● Recorded information:
┄┄┄┄┄┄

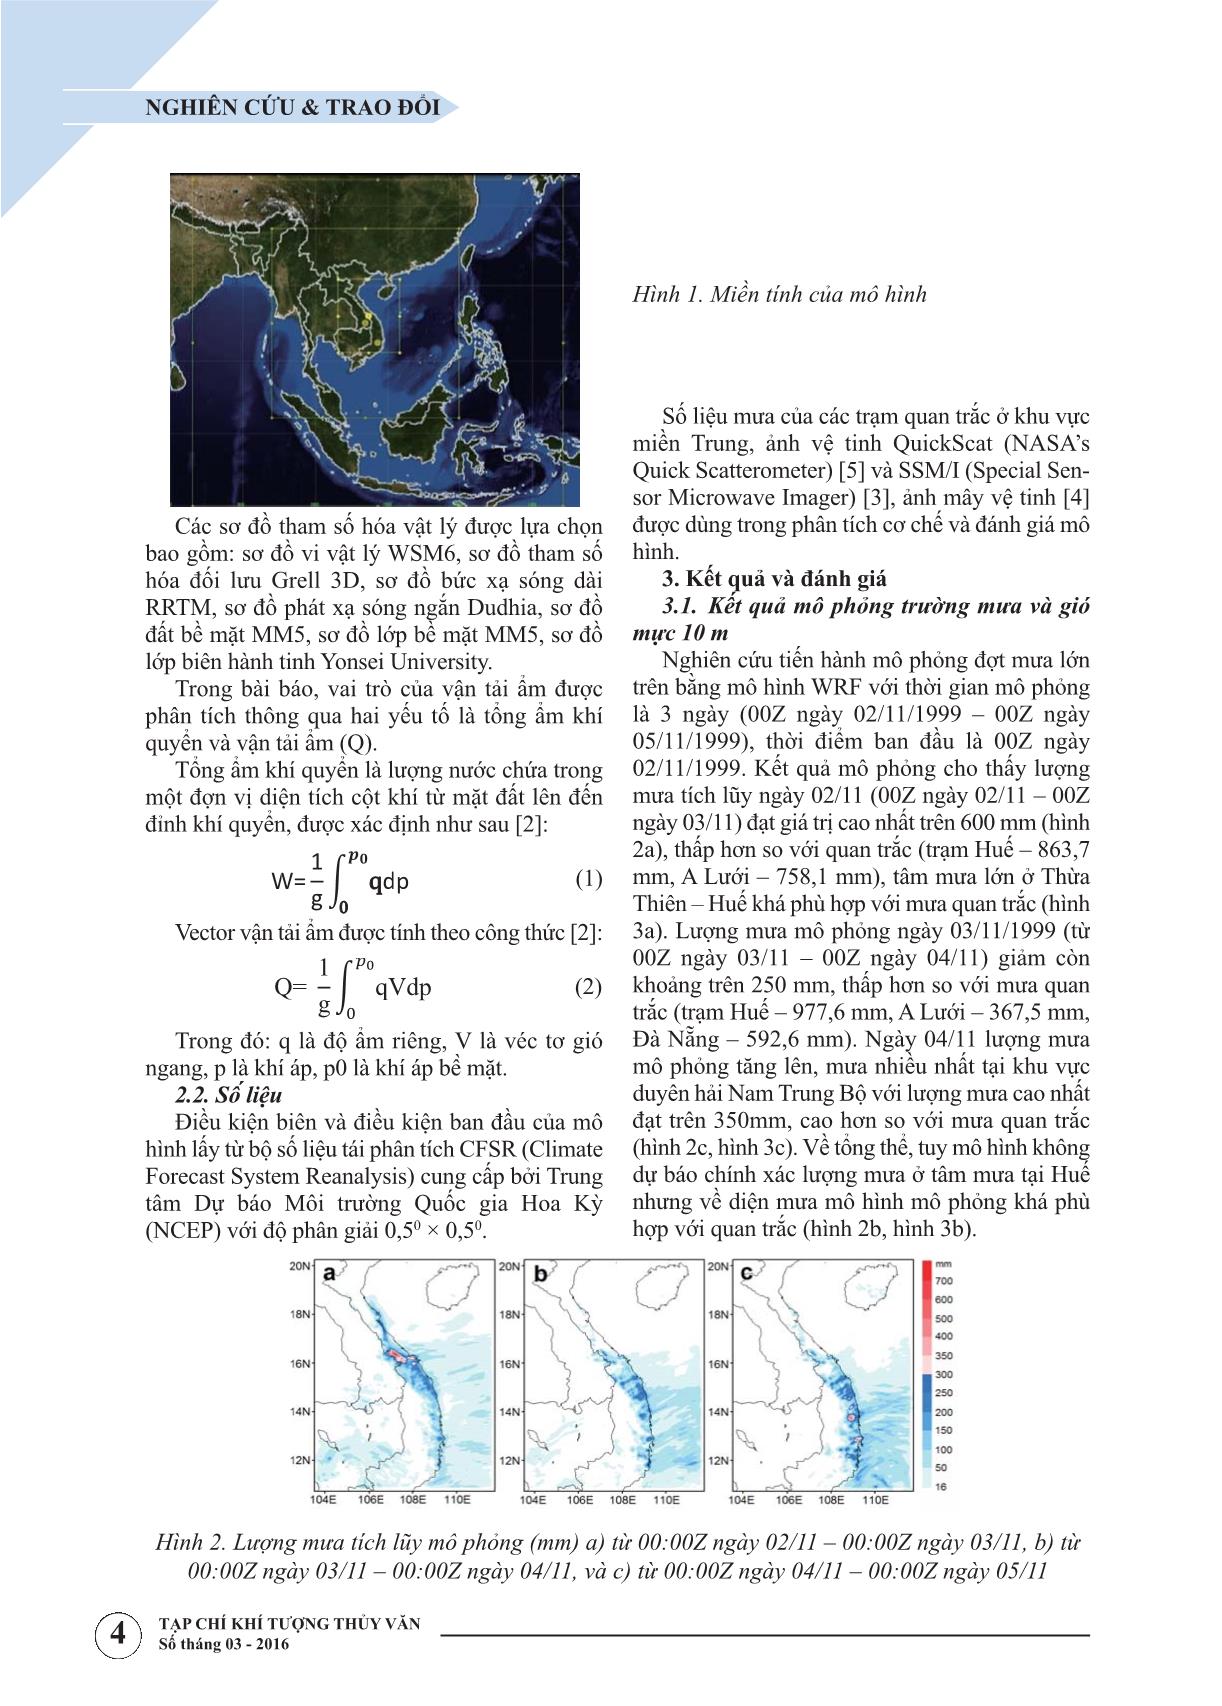 Nghiên cứu vai trò của vận tải ẩm trọng đợt mưa lớn tháng 11 năm 1999 ở miền Trung bằng mô hình WRF trang 2
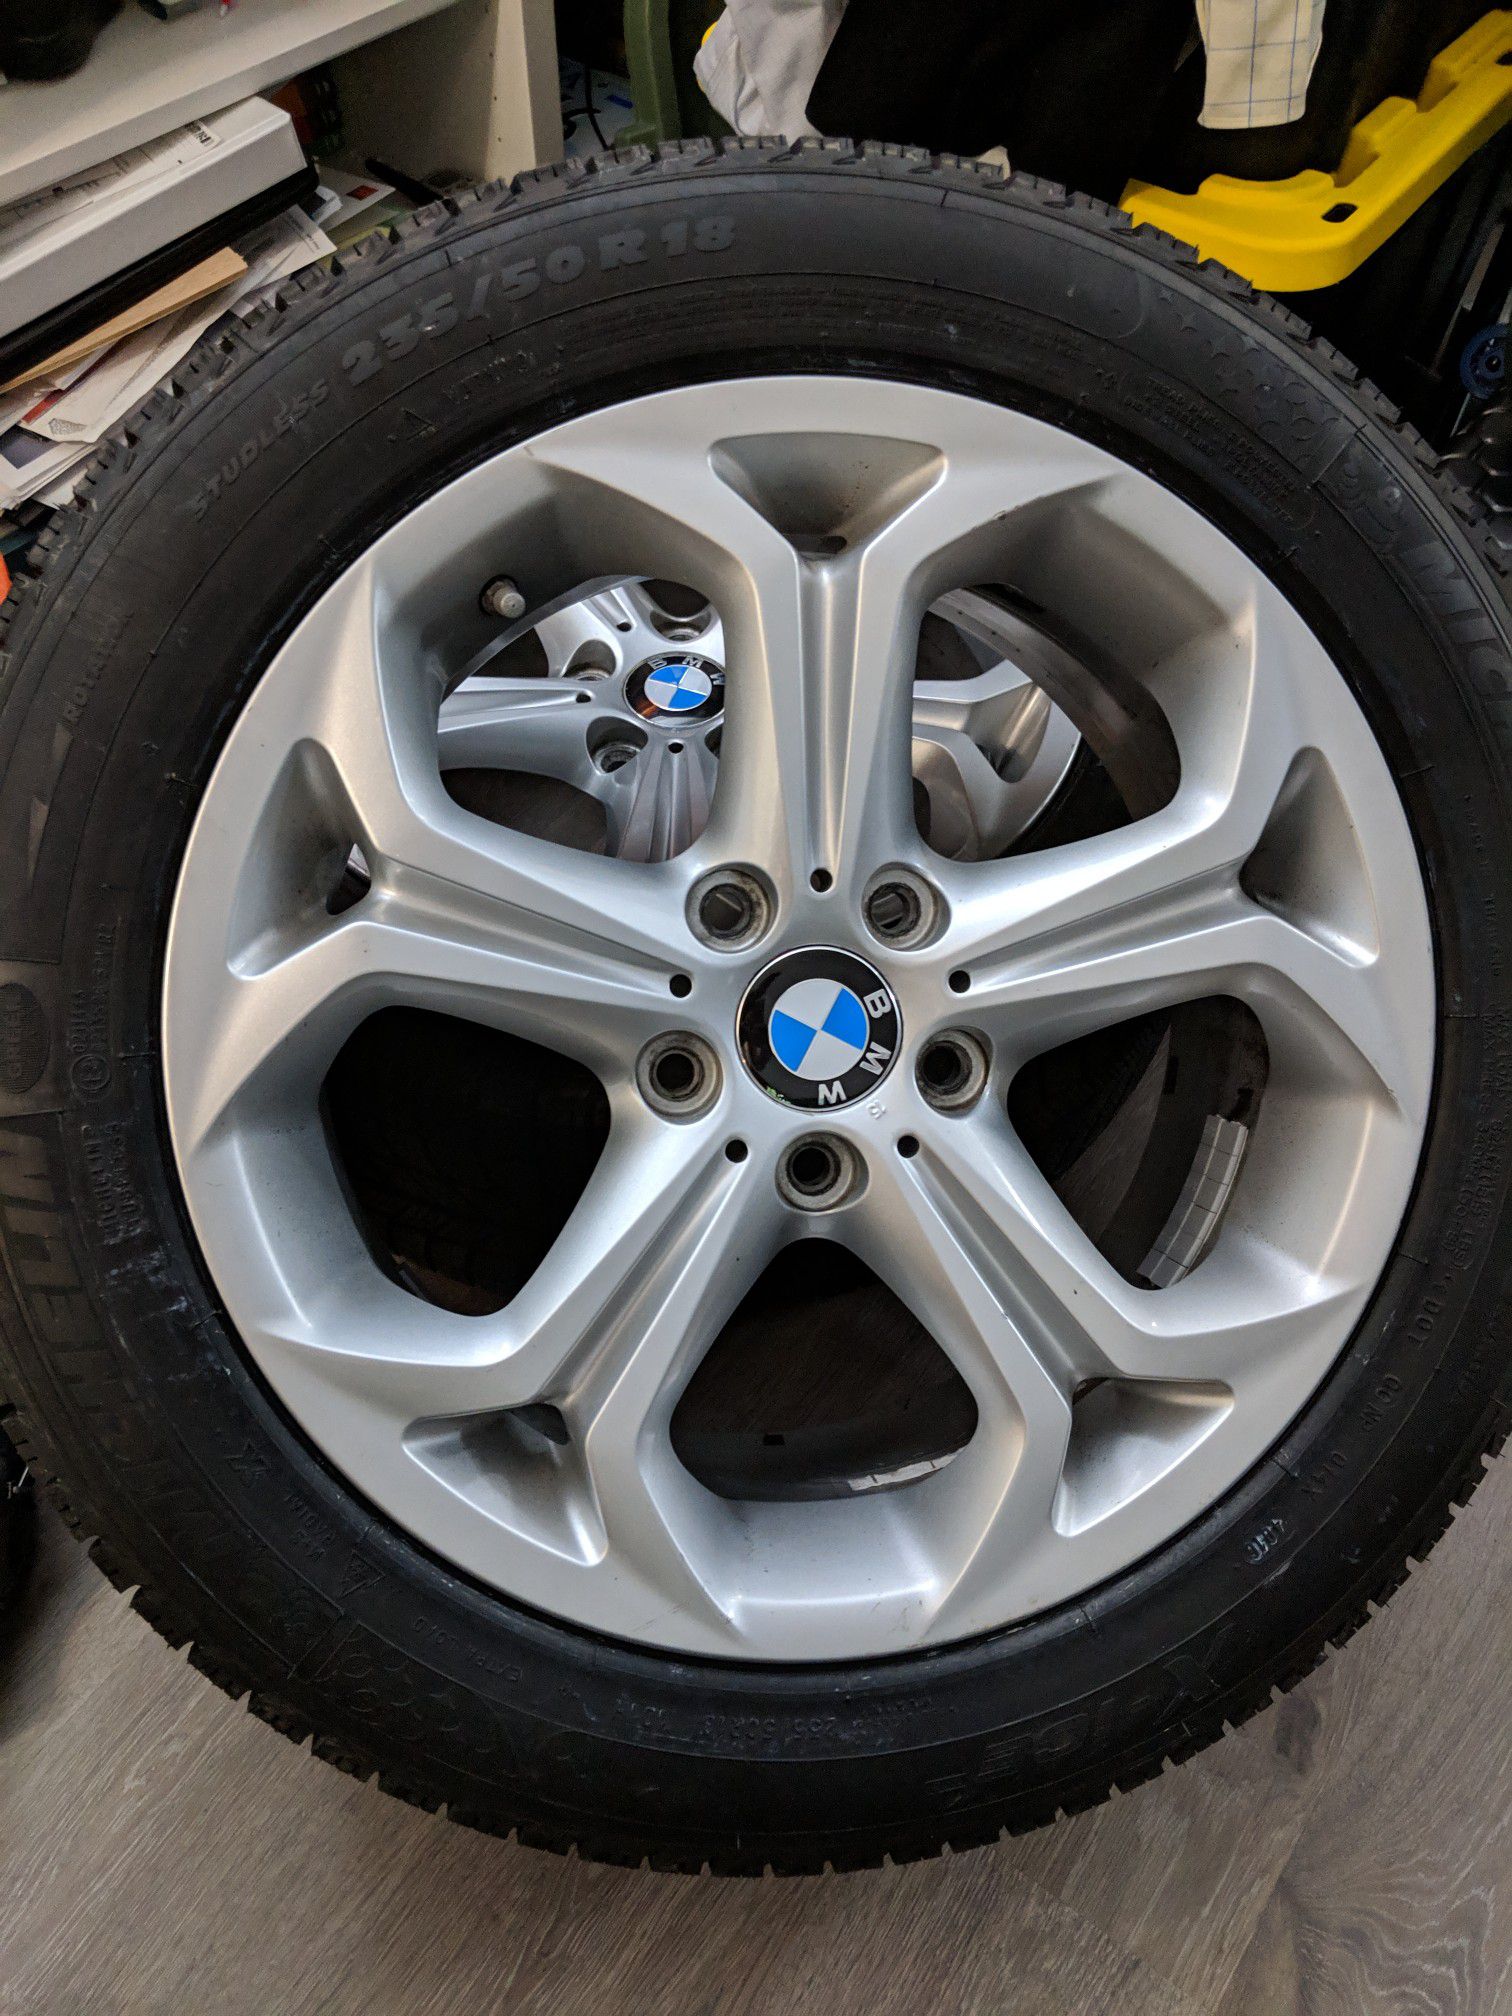 BMW X3 OEM wheels 18" w/ Michelin X-Ice Tires
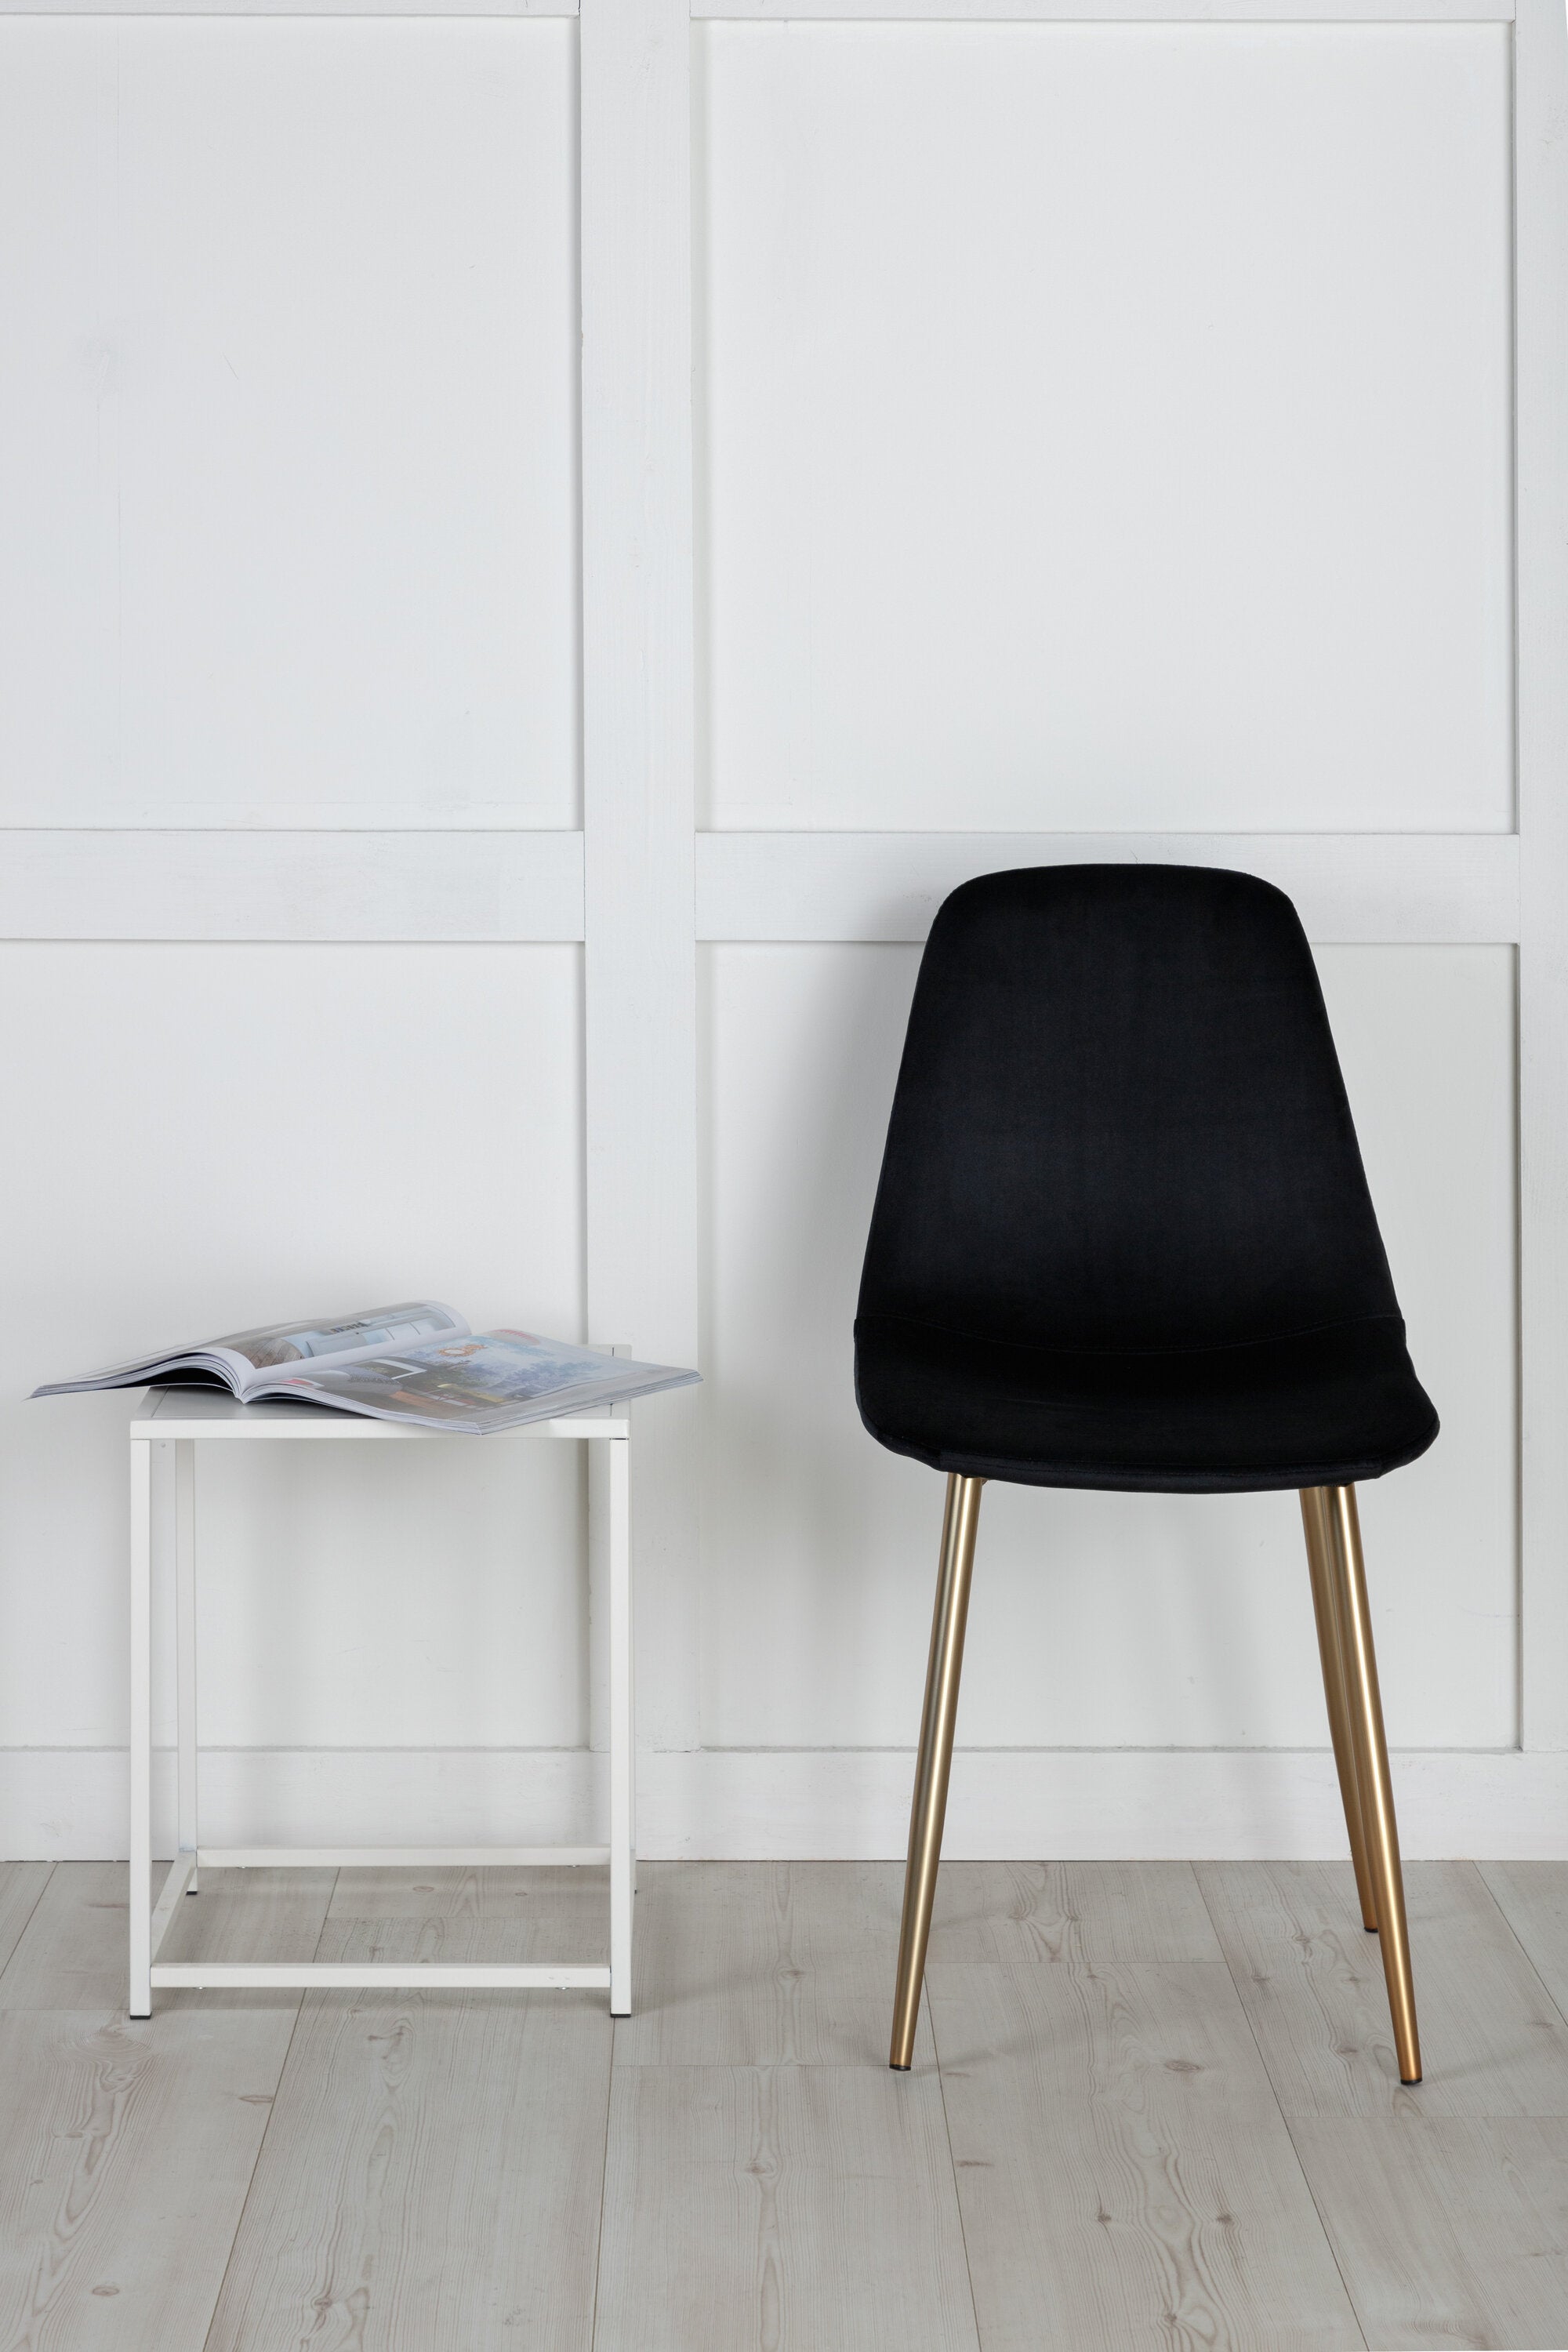 Polar Stuhl in Schwarz präsentiert im Onlineshop von KAQTU Design AG. Stuhl ist von Venture Home

┄┄┄┄┄┄

● Brief:
Every line above should be duplicated exactly; the pictures are to be left out.

● Problem solution:
 Nghiên cứu vai trò của vận tải ẩm trọng đợt mưa lớn tháng 11 năm 1999 ở miền Trung bằng mô hình WRF trang 2
 BMW X3 OEM wheels 18" w/ Michelin X-Ice Tires
 Polar Stuhl in Schwarz präsentiert im Onlineshop von KAQTU Design AG. Stuhl ist von Venture Home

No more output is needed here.